The self-tapping edge effectively defines a complex path from an inner side to an outer side of the polymeric shield layer around an outer surface of the vent conduit 702. This helps to prevent fluid from entering the polymeric shield layer around the outside of the vent conduit 702. The vent conduit 702 and self-tapping edge 704 are formed from relatively strong materials, for example stainless steel or moulded polymer composite. The materials are aptly configured to withstand the force of insertion into the polymer shield layer without failure.

The self-tapping edge 702 may typically protrude around 0.2 - 1 5mm from the vent conduit 704 depending on the depth of the polymer shield layer and the material comprising it.

The self-tapping edge 704 is preformed onto the vent conduit 702 prior to the assembly of the venting apparatus 300. It will be understood the self-tapping edge and the vent conduit can be formed together as one body (i.e. integrally). Similarly, it will be understood that the vent conduit may be formed integrally with the vent seat (not shown in Fig. 7).

Fig. 8 shows a first venting apparatus 800 in fluid connection with a second venting apparatus 801 to form an extended venting pathway through a plurality of layers of flexible pipe. The first venting apparatus 800 and second venting apparatus may be substantially the same venting apparatus as those described above and are not described again for brevity.

In the arrangement shown, the first venting apparatus 800 is positioned on an outer layer of the flexible pipe body. The pipe body of this example includes, from the outermost layer to the innermost layer, an outer polymer shield layer 852, an insulation layer 851 , a second outer shield layer 853, a first tensile armour layer 854, a second tensile armour layer 866, an anti-birdcaging tape layer 855, a pressure armour layer 856, an internal pressure sheath 858, a wear layer 862 and a carcass layer 864.

The first venting apparatus 800 and second venting apparatus 801 form an extended venting pathway for gases to passively diffuse from the annulus region to the exterior of the flexible pipe body. The second venting apparatus 801 is positioned internally within the pipe providing a venting pathway across the second outer shield layer 853 to the insulation layer 851. The difference between the apparatus 800 and the apparatus 801 may be that the thickness of the apparatus 801 may be reduced both because there is less space for the apparatus in the insulation layer 851 , and also because during normal operation sea water at the external hydrostatic pressure will not act directly on the outside of the apparatus, so fewer layer are required in the design of the vent.

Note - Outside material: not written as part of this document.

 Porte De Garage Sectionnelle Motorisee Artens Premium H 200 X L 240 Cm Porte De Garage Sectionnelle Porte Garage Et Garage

Figs. 9a-e show the installation of a venting apparatus 900 through a polymer shield layer 952 of flexible pipe body.

Prior to positioning the venting apparatus 900 through the polymer shield layer 952, the thickness A of the polymer shield layer is determined. The thickness A is measured by means of calibrated ultrasound measurement (UT). The vent passage 902 is then shortened to a length equating to the outer sheath 952 thickness A.

The venting apparatus 900 is positioned through the polymer shield layer 952 of a flexible pipe body to provide a venting passage from the annulus of the flexible pipe body to the exterior of the flexible pipe body. The venting passage allows for the passive discharge of annulus gases from the annulus layers of the flexible pipe body.

The venting apparatus 900 includes a vent conduit 902. The vent conduit 902 has a length approximately equal to the thickness of the polymer shield layer 952. In other words, the vent conduit 902 extends through the polymer shield layer 952 and is of sufficient length to pass through the polymer shield layer without extending into the next radially inner layer.

Positioned in operable connection with the vent conduit 902 is a vent cap 904. The vent cap 904 is positioned on a radially outer side of the polymer shield layer 952. The vent cap 904 is formed from a one-way fluid valve for allowing fluid to flow in a direction from the vent passage out of the one-way fluid valve, for example to the outside of the flexible pipe body or towards a radially outer layer of the pipe body.

In this example, once the thickness A of the polymer shield layer 952 has been determined, a pilot hole 950 is formed through the polymeric shield layer 952. The pilot hole 950 is drilled to the thickness A of the polymer shield layer such that the pilot hole 950 extends through the entire thickness of the polymer shield layer 952. The pilot hole 950 is configured to have a diameter substantially equal to the vent conduit 902 to provide a tight sealing between the vent conduit 902 and the walls of the pilot hole 950. The tight sealing helps to prevent fluid from the exterior of the pipe body entering the layers of pipe body. As such, the integrity of the outer sheath is maintained.

In another example, similar to that described in Fig. 7, the vent conduit 902 may include a self-tapping edge mitigating the need for a pilot hole. As such, the vent conduit 902 may act as the drilling apparatus due to a self-tapping edge. The self-tapping edge helps to increase the sealing ability between the vent conduit 902 and the polymer shield layer 952.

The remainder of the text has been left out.